Newsletter nº 5, Jezembro 2023

Cinema e Ativismo nas Independências Africanas

Nas décadas de 60 e 70, os movimentos de libertação das colónias portuguesas em África viram no cinema um meio fundamental de difusão dos ideais revolucionários. No decorrer das lutas de Libertação Nacional, militantes e cineastas estrangeiros – jugoslavos, italianos, franceses, americanos – filmaram a realidade nas bases da guerrilha e nas “zonas libertadas” em Angola, Moçambique e na Guiné-Bissau, para conquistar apoio e solidariedade internacionais aos movimentos de libertação.

CSA Images (iSctock)

Com a proclamação das independências, o cinema contribuiu para consolidar um sentimento de unidade nacional e divulgar o projeto de construção socialista de sociedades culturalmente muito diversas. Serviu também a causa da solidariedade com as lutas dos países da região que ainda viviam sob o jugo do Apartheid. Com uma forte política cultural estatal, de criação de infra-estruturas de produção cinematográfica nacional e de investimento na formação de quadros nesta área, o cinema afirmou-se como um veículo incontornável do processo de descolonização.

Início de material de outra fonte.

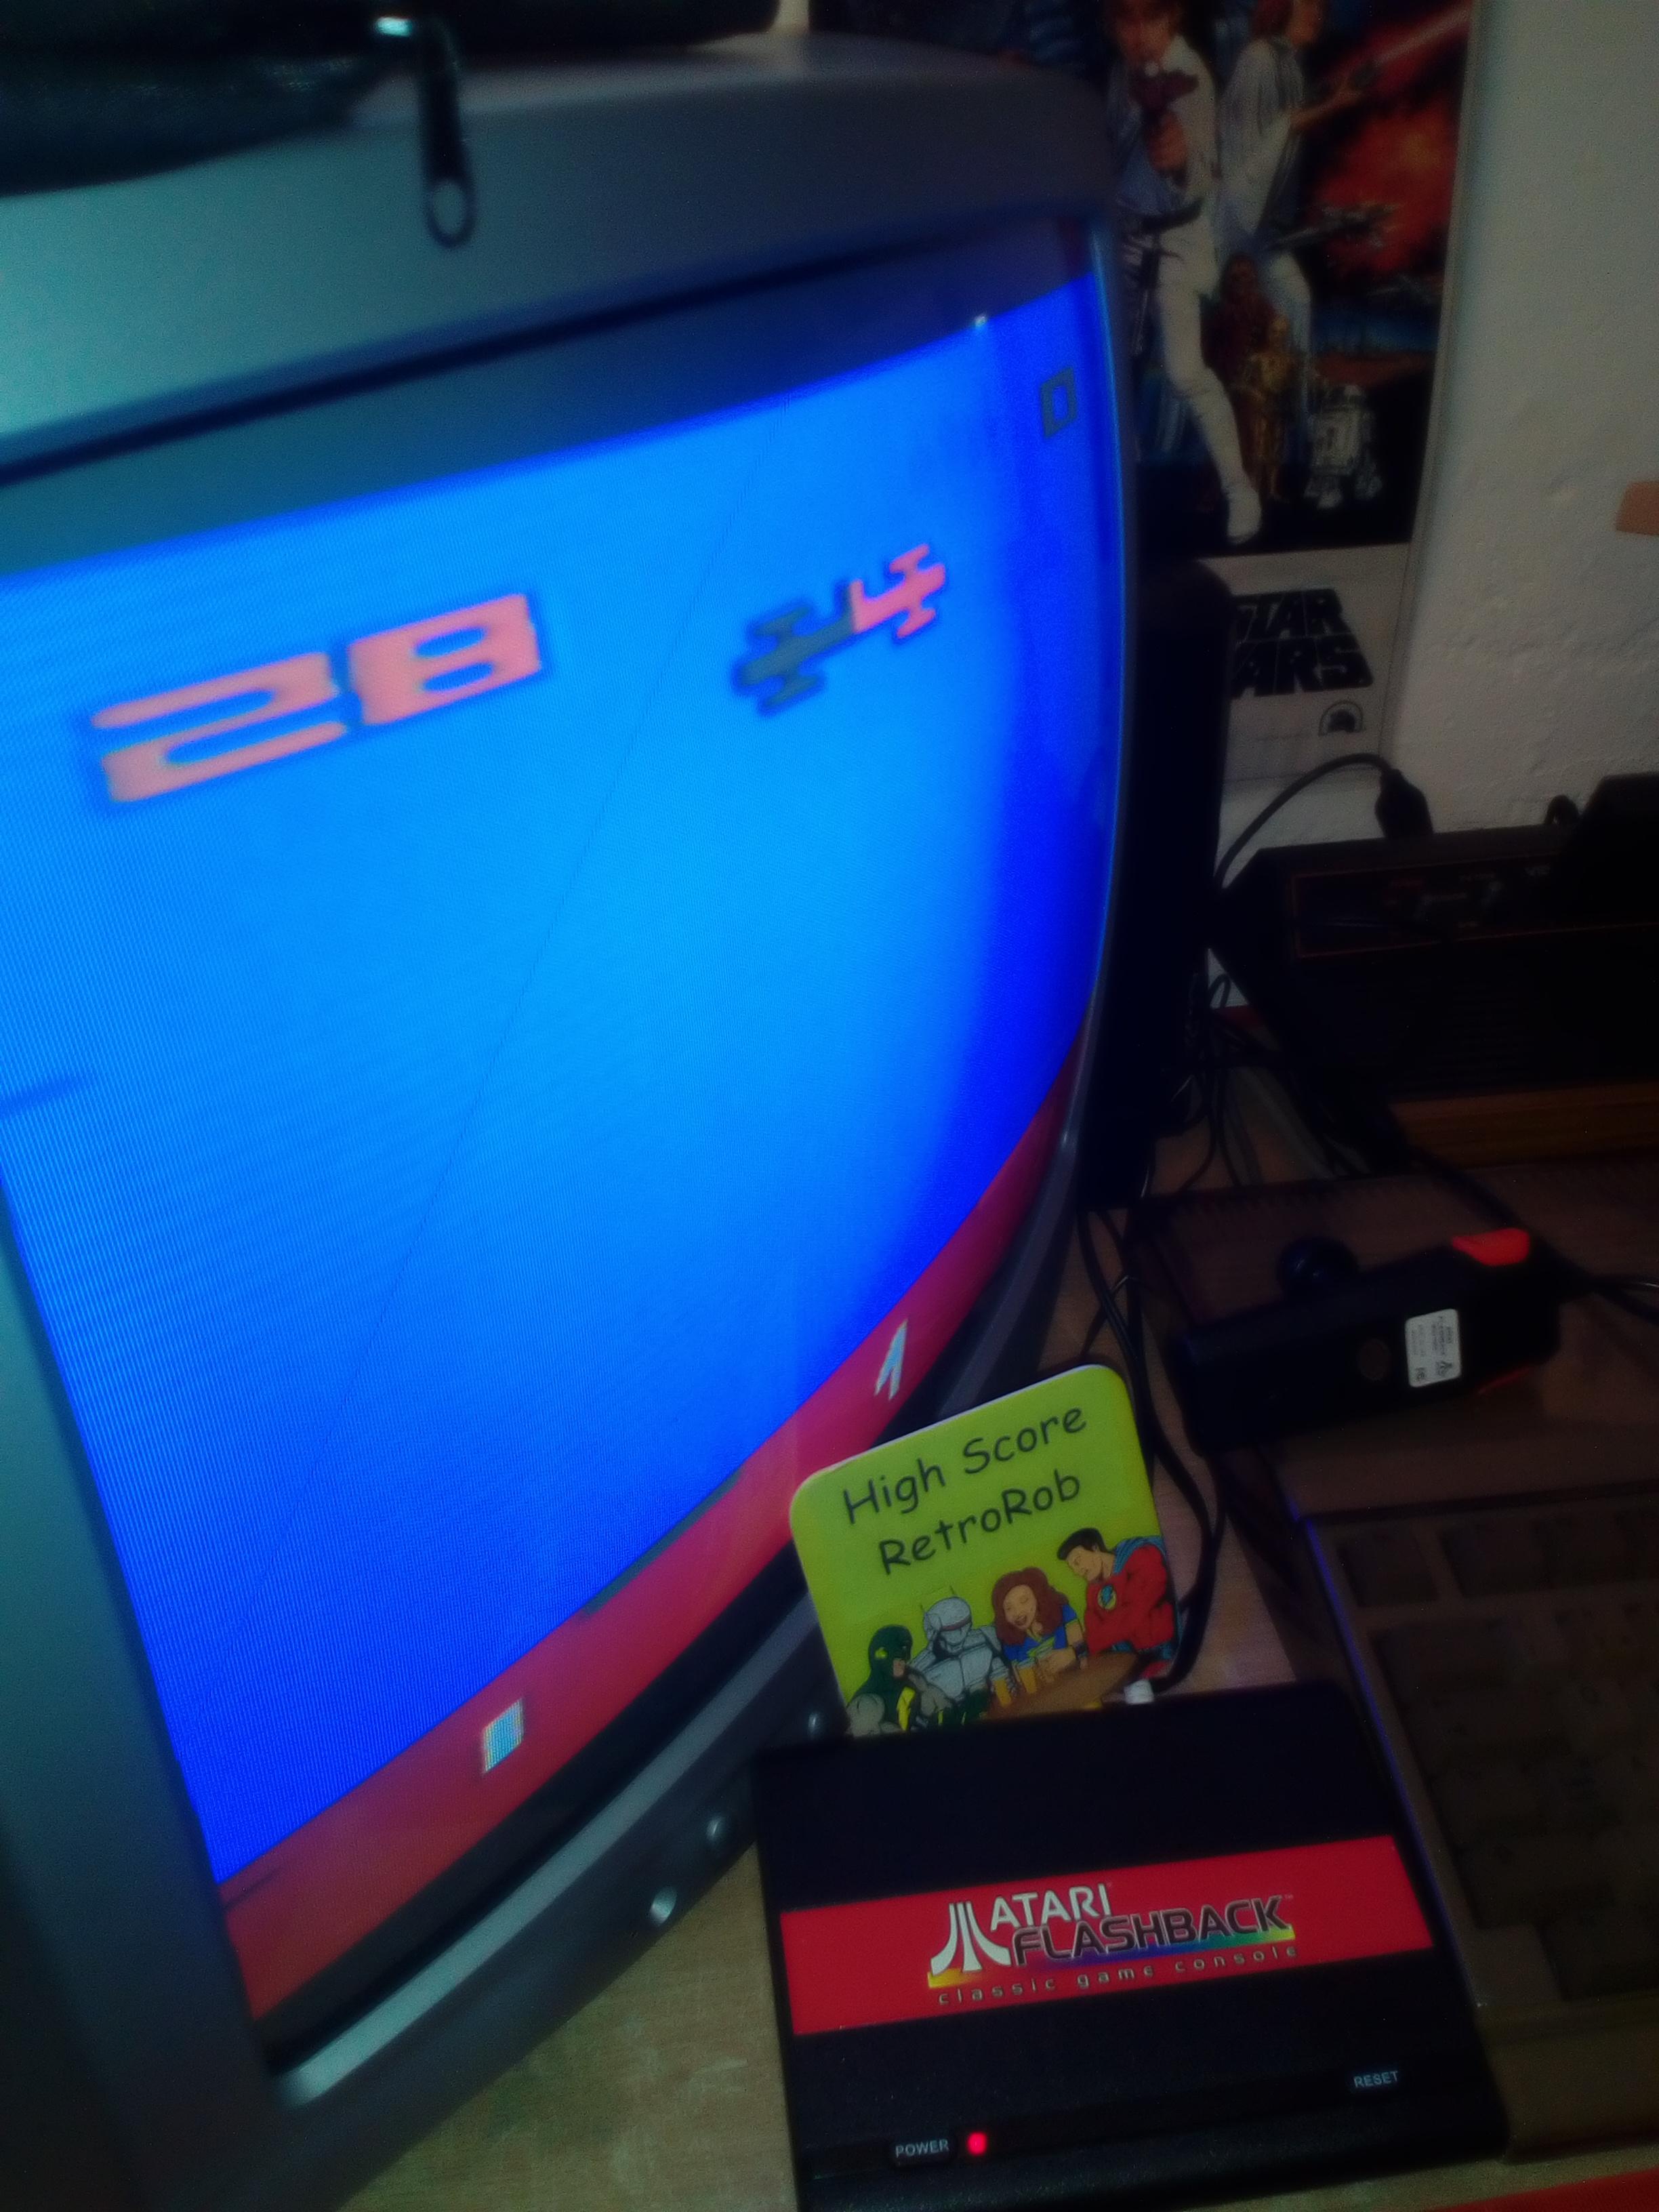 RetroRob: Sky Diver (Atari Flashback 1) 28 points on 2018-08-25 09:37:45

O boicote internacional às políticas socialistas, as carências estruturais, a guerra de destabilização, a guerra civil e as mudanças consequentes levaram ao fim de políticas nacionais específicas para o desenvolvimento do cinema, o que alterou radicalmente a dinâmica desta prática artística nos países africanos de língua oficial portuguesa. Surgiu o cinema independente que, apesar das dificuldades e da dependência de apoios externos, muitas vezes ligados aos circuitos da cooperação para o desenvolvimento, continuou ainda assim voltado para a realidade social, cultural e política destes países.

O Ciclo “Cinema e Descolonização: Moçambique em foco”, coordenado por mim e com a curadoria dos cineastas moçambicanos Isabel Noronha e Camilo de Sousa, tem sido uma iniciativa de caráter experimental, ao juntar académicos, criadores e público numa discussão aberta, inclusiva e informal sobre temáticas relacionadas com a descolonização. Selecionamos todos os filmes e as pessoas convidadas no intuito de focar temas, momentos e experiências pessoais que se cruzaram com a História, envolvendo o público nesta partilha.


As primeiras sessões centraram-se no despertar do movimento de libertação, com a projeção de “O Vento Sopra do Norte” de José Cardoso e no dia a dia da luta, com “O Tempo dos Leopardos”, de Zdravko Velimirovič. Seguiram-se filmes sobre a guerra civil moçambicana, a questão de género e a viragem neoliberal da década de 2000.


Os documentários “Ngwenya o Crocodilo”, de Isabel Noronha, e “Sonhámos um país”, de Camilo de Sousa e Isabel Noronha, demostram que a descolonização cultural, política e mental é um processo ainda em curso, para o qual o cinema e as outras artes continuam a contribuir.


Convidamos todas e todos a participar na última sessão de 2023, em Julho. Passaremos os filmes de Lara Sousa, que nos levarão para os novos caminhos do cinema moçambicano contemporâneo e novas visões sobre o processo de descolonização em África.

Jessica Falconi,

CEsA/CSG/ISEG, Universidade de Lisboa

Próximos eventos

International Development Summer Course

EADI CEsA Lisbon Conference 2023

Duas perguntas a…

…Camilo de Sousa

Em que medida o cinema foi e continua a ser uma forma de ativismo em Moçambique?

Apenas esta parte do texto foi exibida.